*Record extracts*:
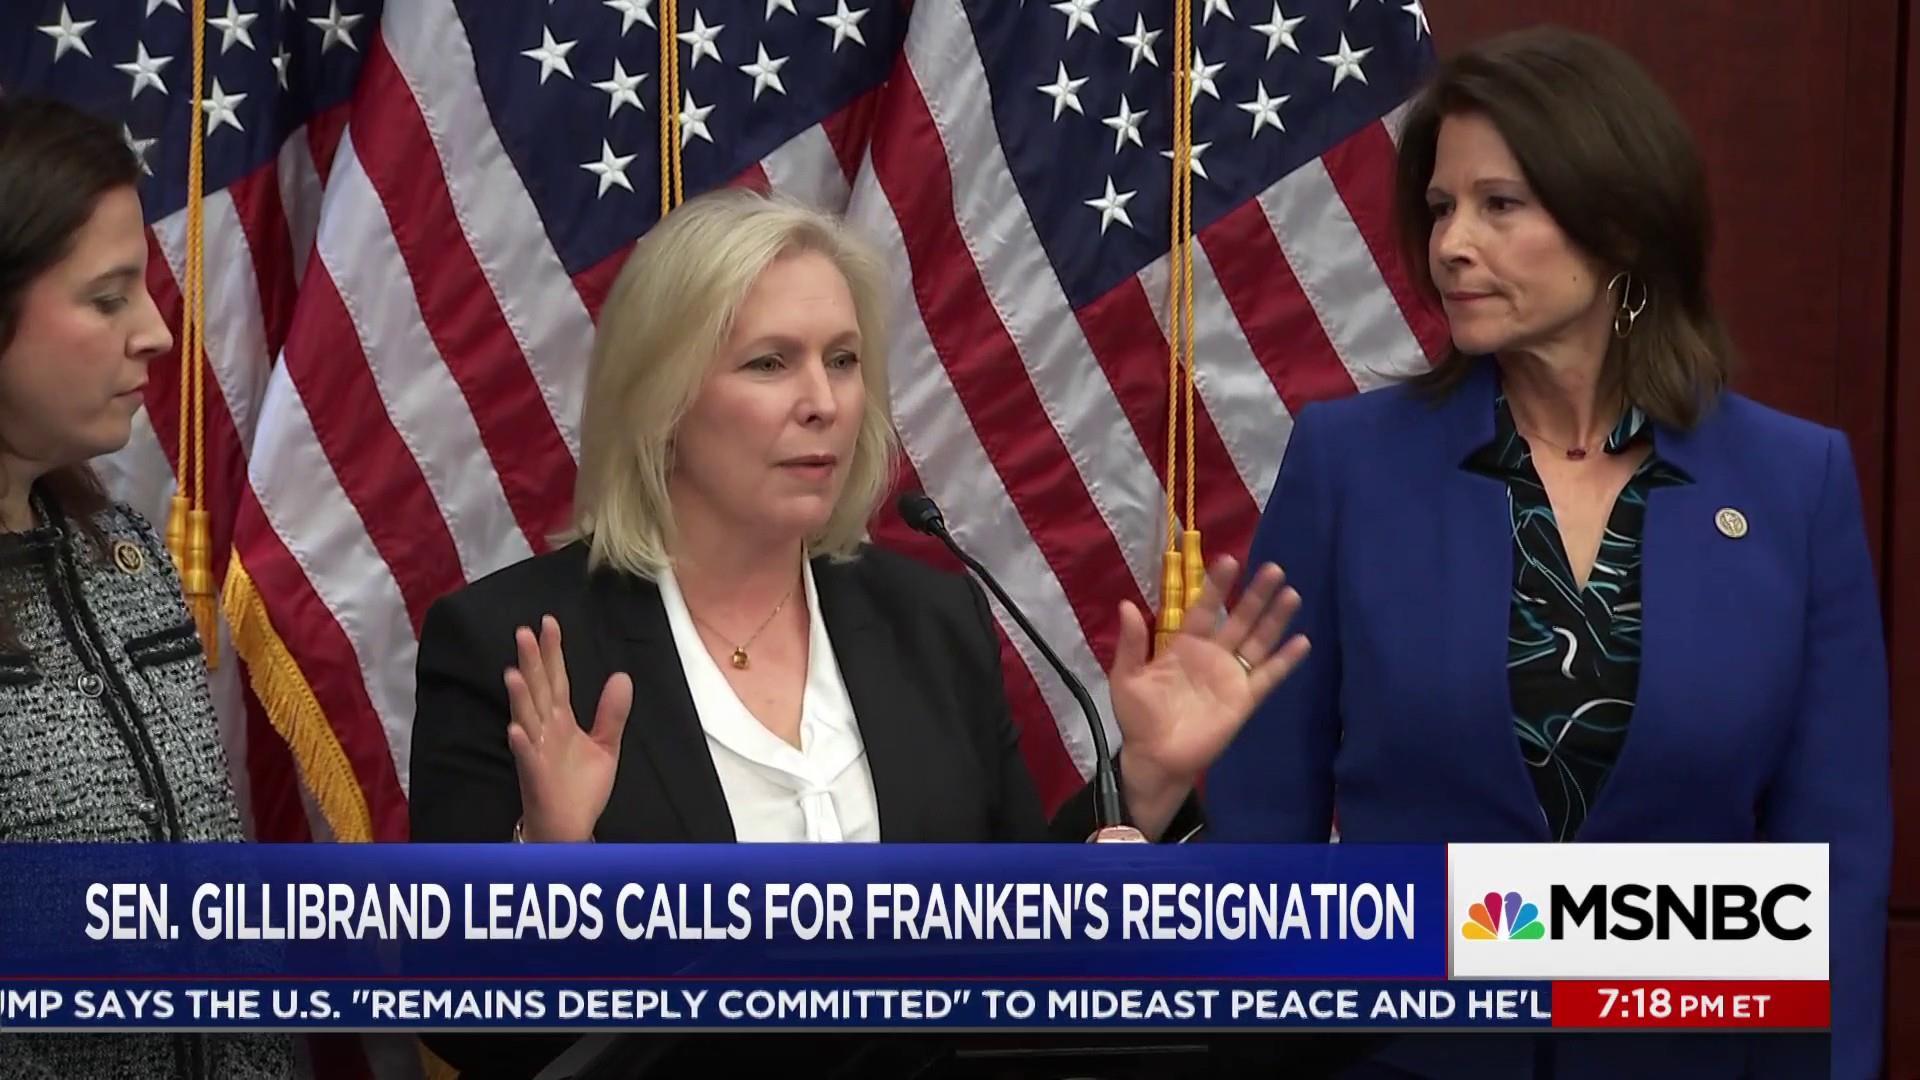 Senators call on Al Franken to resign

==

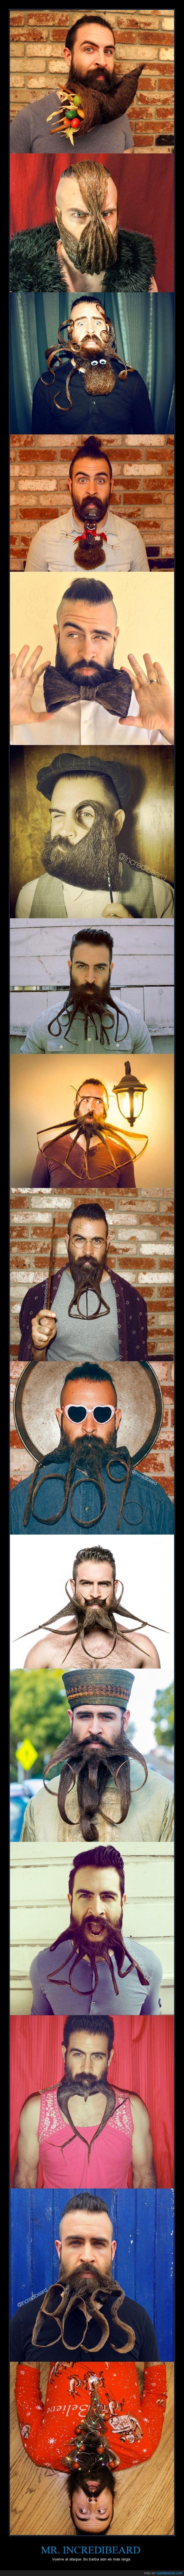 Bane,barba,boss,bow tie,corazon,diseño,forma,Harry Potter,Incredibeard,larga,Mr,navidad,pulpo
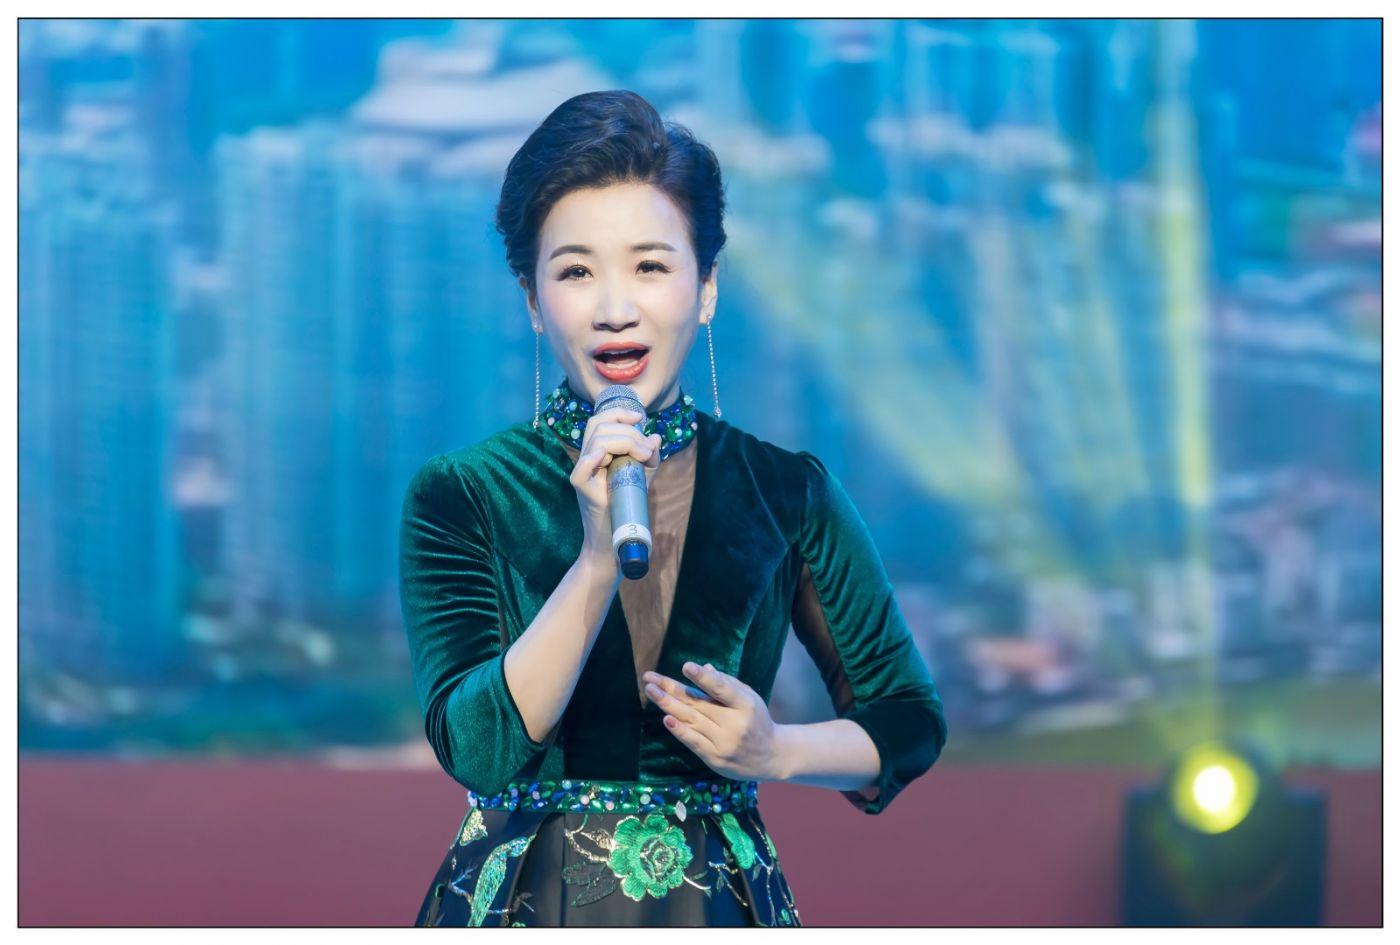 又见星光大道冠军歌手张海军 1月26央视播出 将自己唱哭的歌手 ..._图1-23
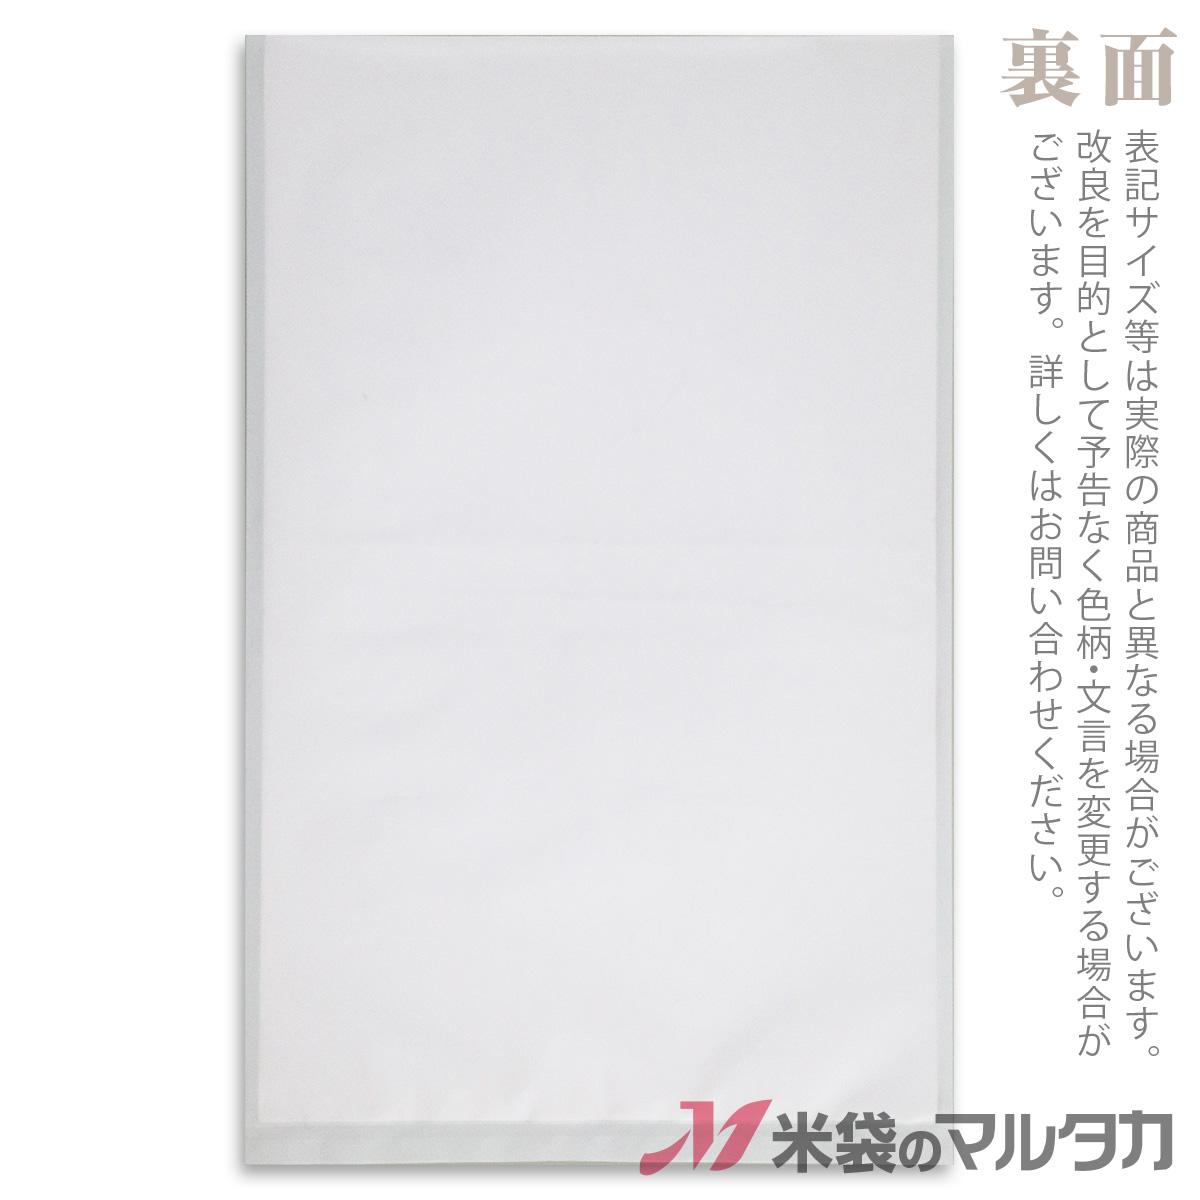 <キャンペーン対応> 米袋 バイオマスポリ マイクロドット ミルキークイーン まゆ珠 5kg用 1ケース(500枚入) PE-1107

* * *

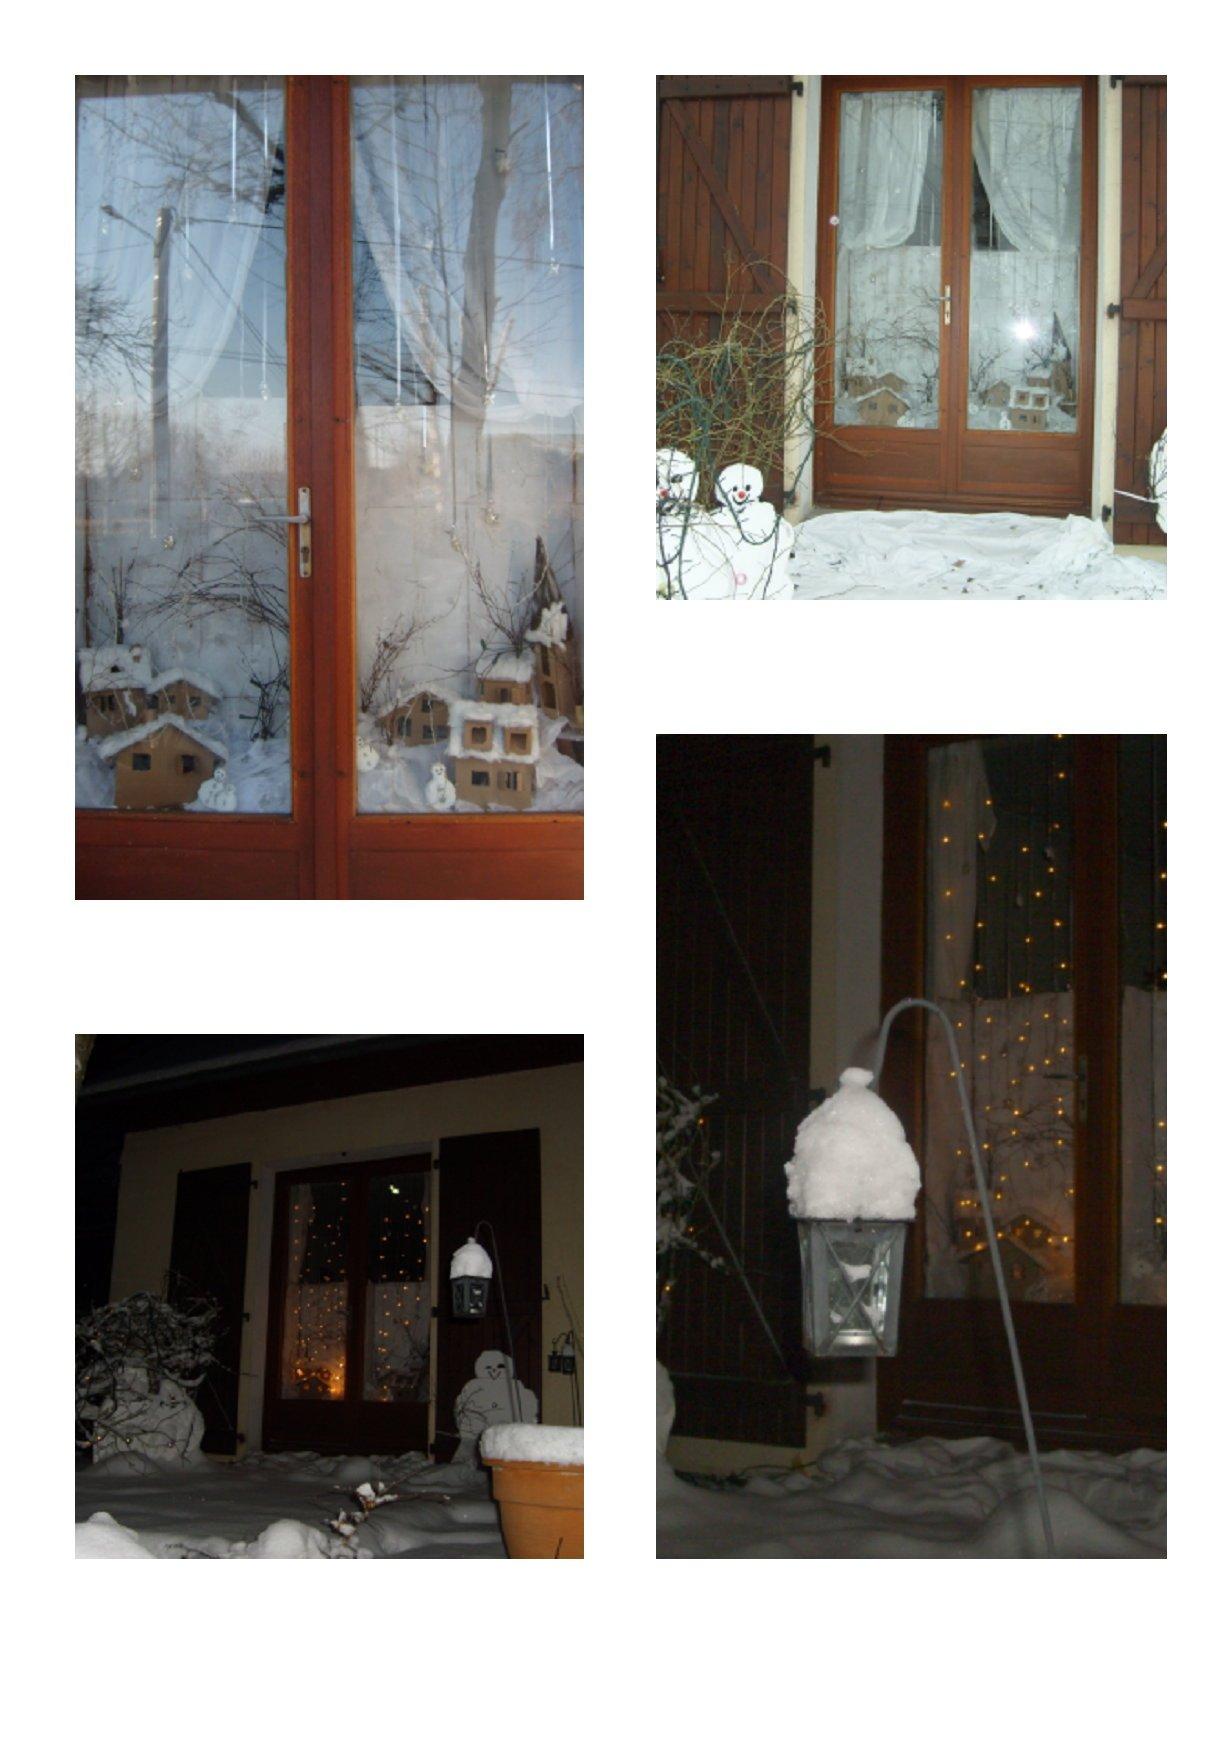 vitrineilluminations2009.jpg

*What is being asked*: Copy the lines above exactly, starting at the one with "又见星光大道冠军歌手张海军 1月26央视播出 将自己唱哭的歌手 ..._图1-23" and ending at the one with "<キャンペーン対応> 米袋 バイオマスポリ", both included. Leave out any pictures and add nothing else.

*Exercise output*:
 又见星光大道冠军歌手张海军 1月26央视播出 将自己唱哭的歌手 ..._图1-23
 <キャンペーン対応> 米袋 バイオマスポリ マイクロドット ミルキークイーン まゆ珠 5kg用 1ケース(500枚入) PE-1107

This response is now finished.